How to Participate
How to Participate
A main component of these labs is just to have fun building things together. We want as low a barrier to entry as possible for people to get into tech and start being productive.
If you’ve been in touch with Kind, you will have a link to our morning virtual stand-up. Anybody can just drop in on those sessions, where we cover what’s next to do, and help route people to the best place to get started, depending on their own experience and interests.
Beyond the stand-up, our dynamic team for the day will just coordinate how they might want to get started. Do you want to pair-program on something, perhaps at 2pm? Do you just want to explore the code yourself for a bit and maybe pop back in tomorrow? Does everybody want to have a mobbing session?
Our distributed, dynamic, objective-based labs should provide a good taste of what working as part of an agile delivery team is really lke.
We keep track of our work on tickets, document the state of the project on wikis and readme files like these, and have fun helping and learning from each other.
As people make progress on their work, they will be using git to commit their changes and push them up to their forked repositories. If that’s code that they want to contribute back to Kind’s main repo, then you can open a pull request where the work is reviewed. If that work leaves the repo in a better state, then it will be accepted, and not only will you have contributed to move things forward on a real project, but you will have a public record of your work you can reference and talk about in your own career, or even use in your own projects.
All of our code is open-source and under the Apache 2.0 license.
Working on the code
Once you have your own free github account set up, you’ll be able to “fork” the relevant repositories (or”repos”), depending on what lab or part of a lab you’re working on:
You will be able to then “clone” your forked copy locally on your computer.
This may seem like a lot of steps just do download a copy of some code. The reason git works like this becomes clear when you start working collaboratively as part of a team, and everybody needs to understand and coordinate their changes.
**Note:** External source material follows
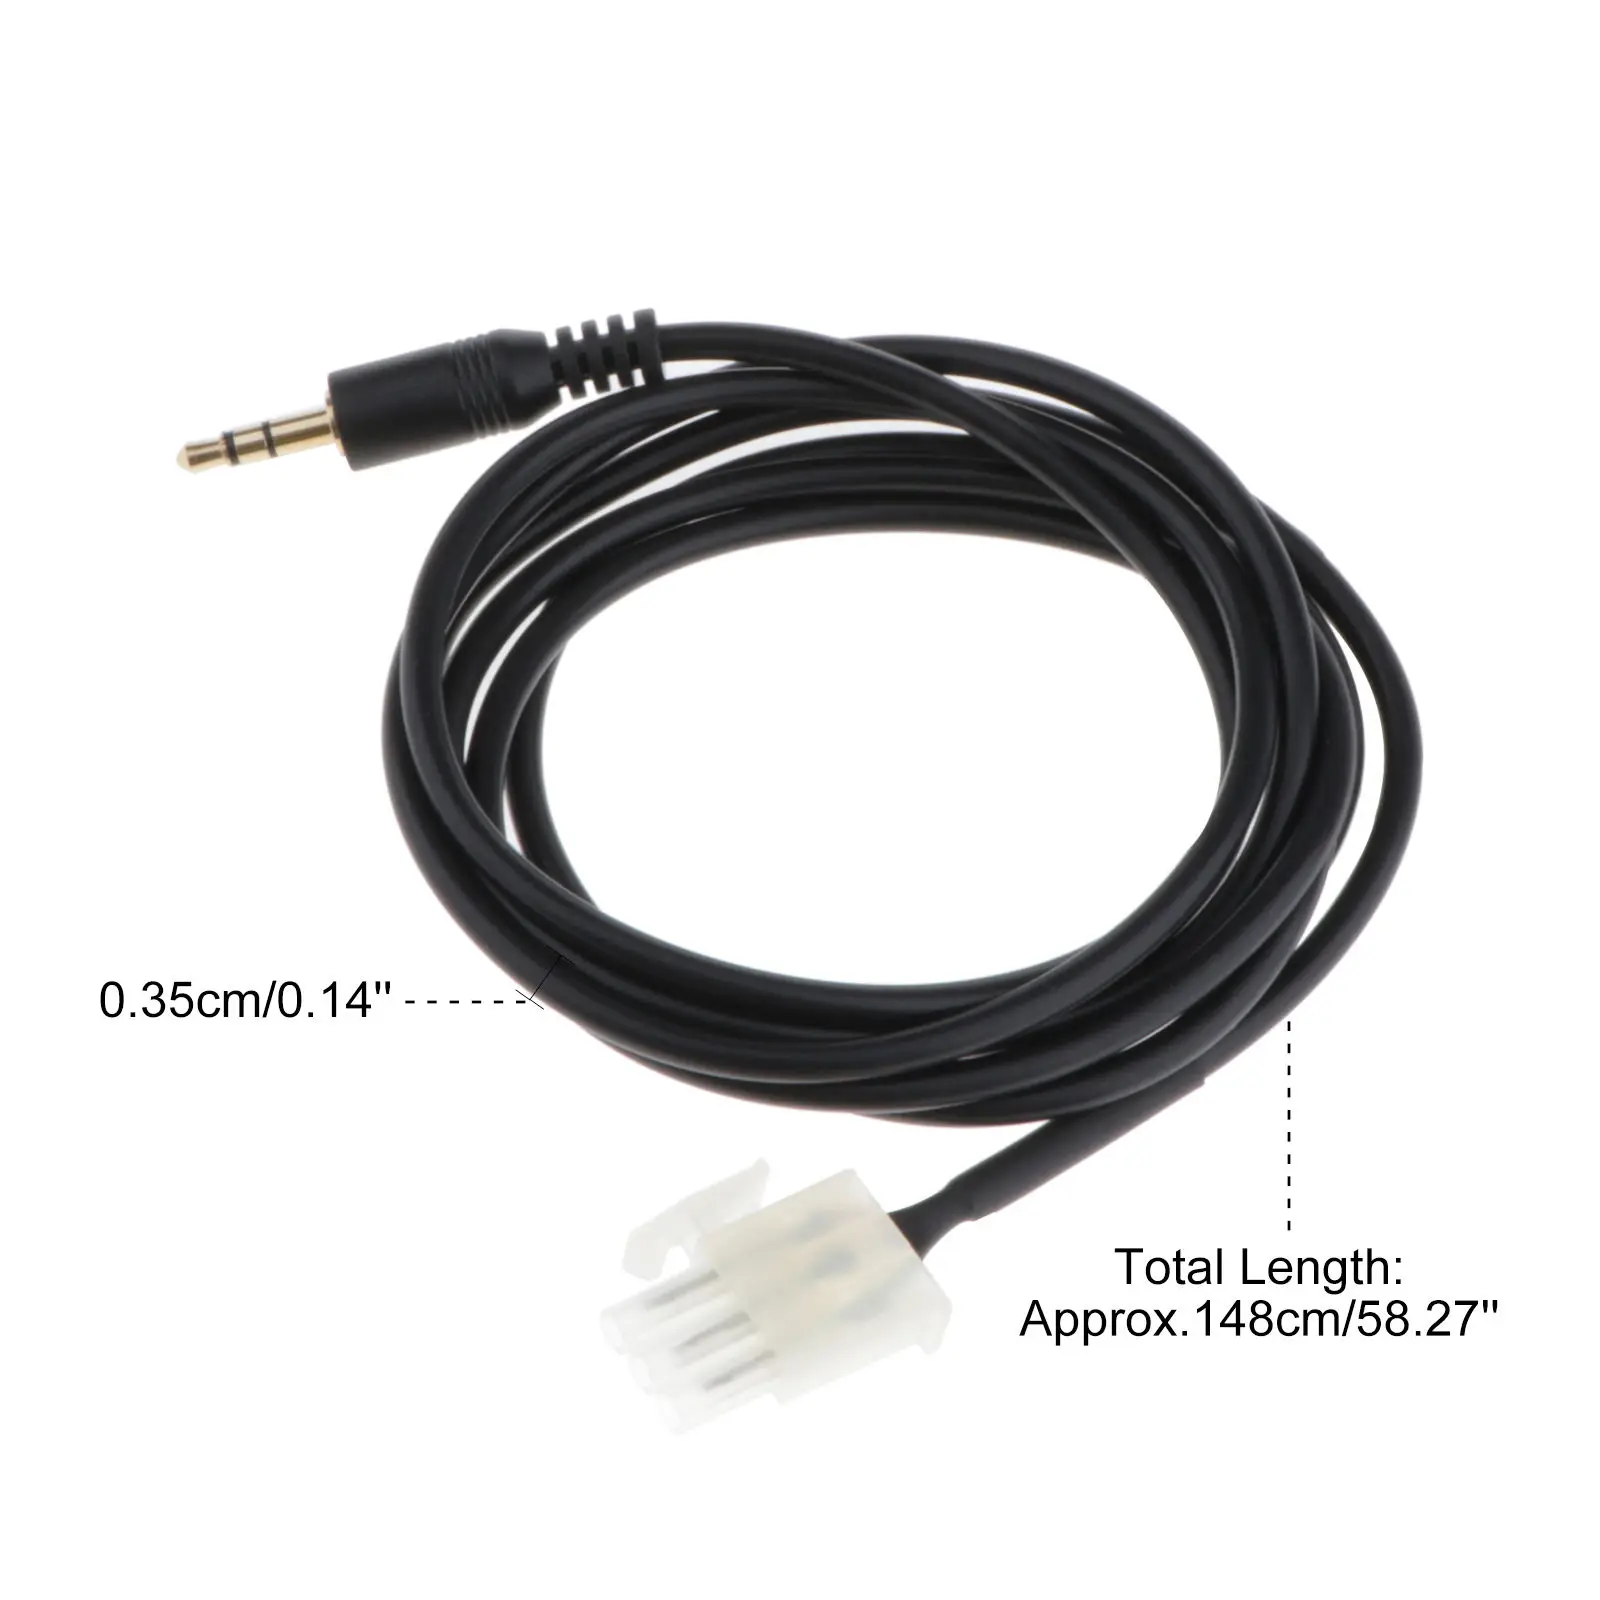 3.5mm Motorcycle AUX Audio Cable Male Line 3-PIN For Honda GL1800 Goldwing

This how nearly all modern software development works, and a big reason why collaborating on one of our labs offers practical benefit in addition to your own individual portfolio work.
Have fun building things together!
Larners can often best learn from each other. People who have just learned a concept can be best placed to speak in the language other learners understand. There are also more seasoned collaborators who offer a wealth of experience and diversity, so collectively we should be up to make the results even better!